Dears, we are happy to announce that the results of various GPUGRID-enabled studies were recently published in high-impact journals.
The first one I'd like to mention is "A high-throughput steered molecular dynamics study on the free energy profile of ion permeation through gramicidin A". The paper is a numerical investigation on the convergence of a molecular dynamics (MD) technique called "steered MD" (SMD), which is used to obtain free energy profiles (i.e. probabilities of occurrence of certain biological events). The SMD technique is essentially based on statistics: one has to repeat the same experiment (computational or otherwise) over and over, many times, until a reliable result is obtained.
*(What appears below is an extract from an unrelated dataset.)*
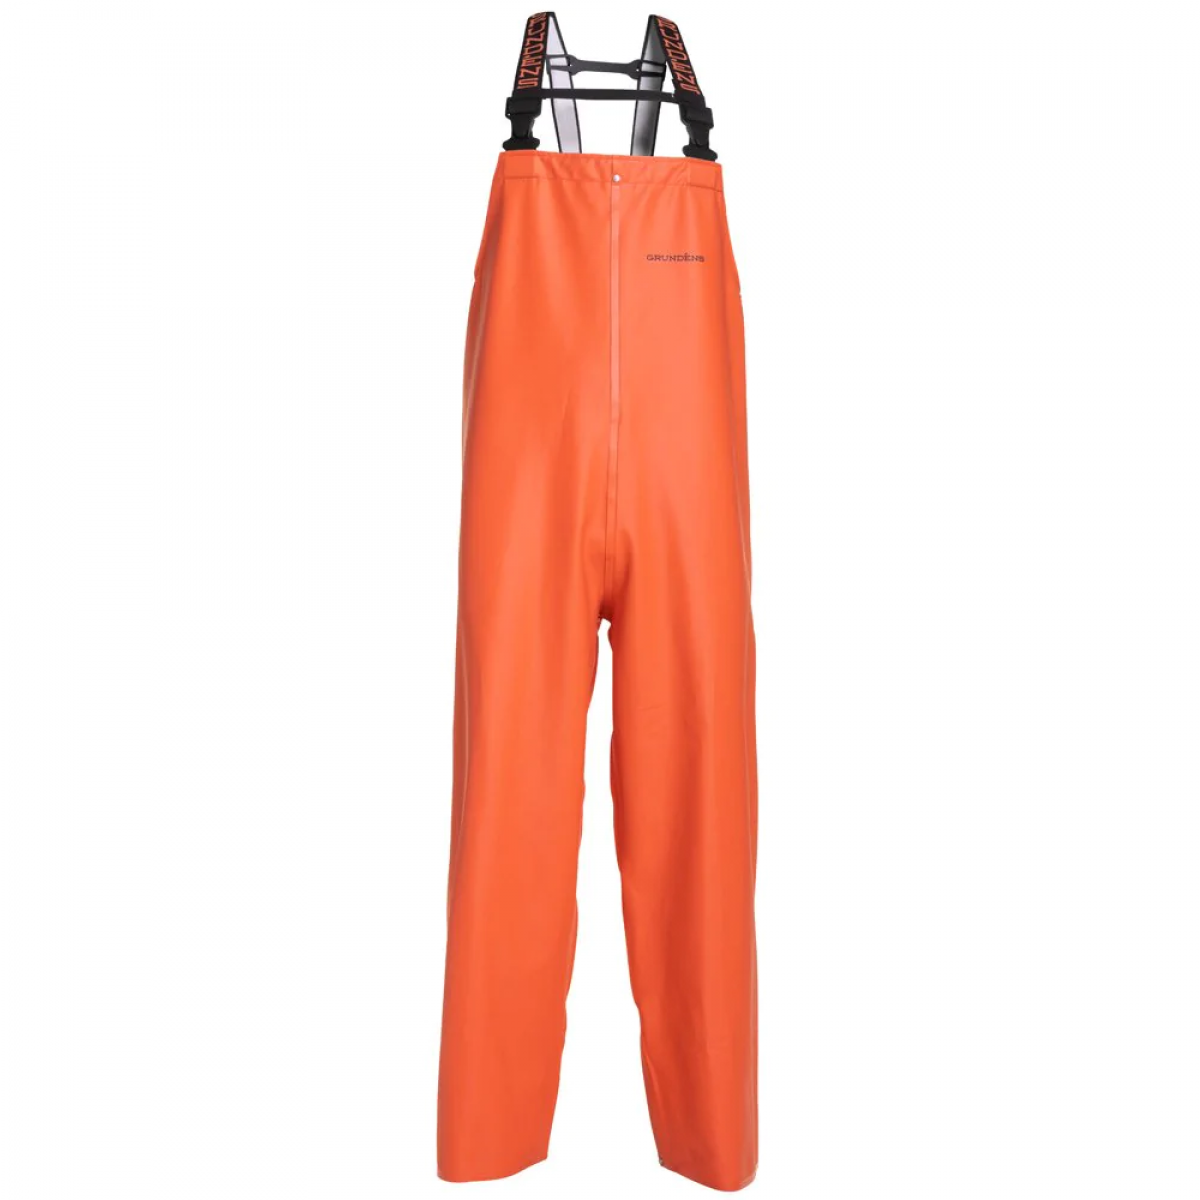 Grundens Clipper 116 Bib Commercial Fishing Bib Pants Orange Size L - 10028
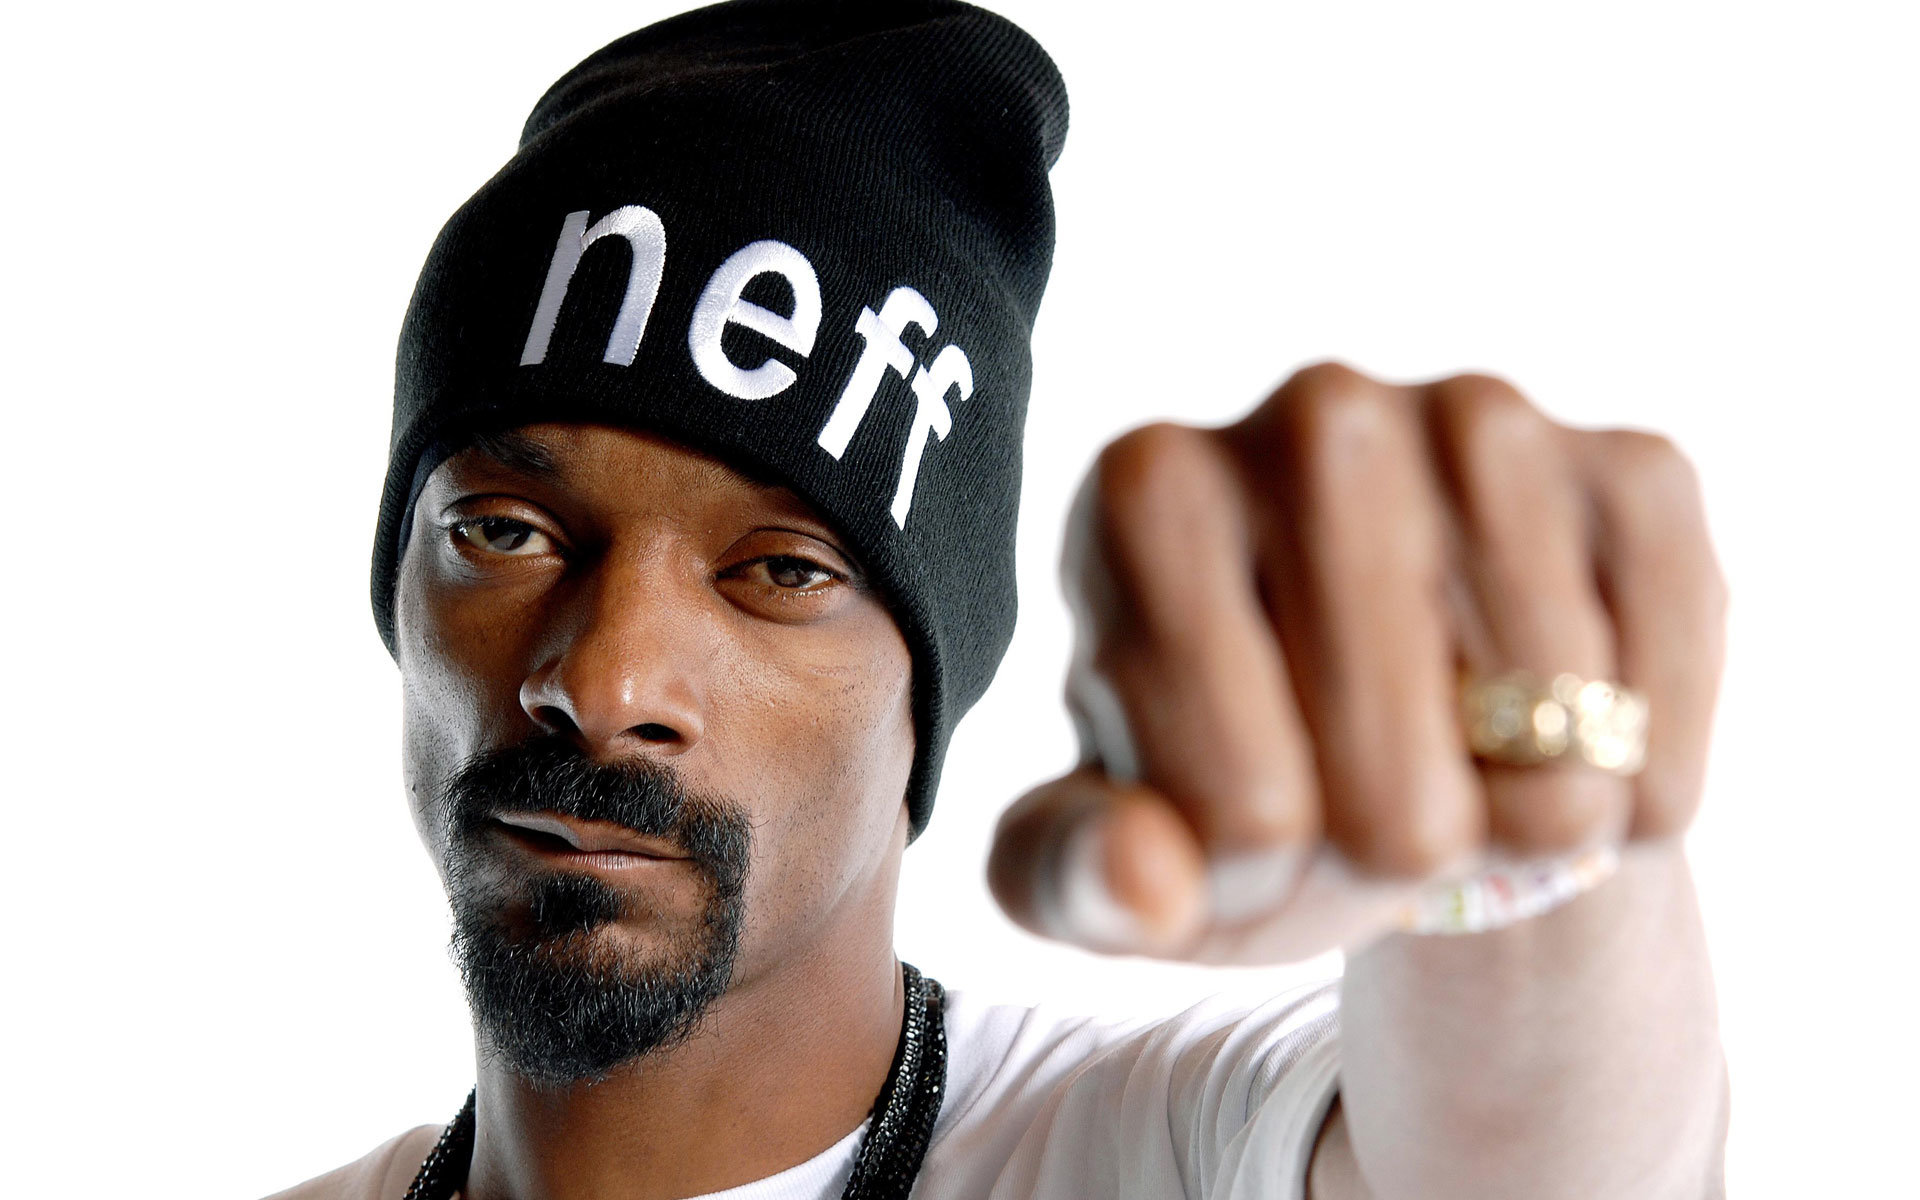 Snoop Dogg wallpapers HD for desktop backgrounds

How many times, and how reliable? Up to now, studies performed SMD on biologically-realistic systems were limited to just a few (~10) trajectories, and the corresponding error was therefore hard to assess. We used GPUGRID to perform increasing number of pulls, up to two thousands, to verify how much the precision of a free energy profile was gradually improved as a consequence. (The answer, if you were wondering, is that one needs quite a lot of simulations).
T. Giorgino and G. De Fabritiis, A high-throughput steered molecular dynamics study on the free energy profile of ion permeation through gramicidin A, in press J. Chem. Theory Comput. (2011).
Thanks to all of the crunchers of the GA* series of workunits!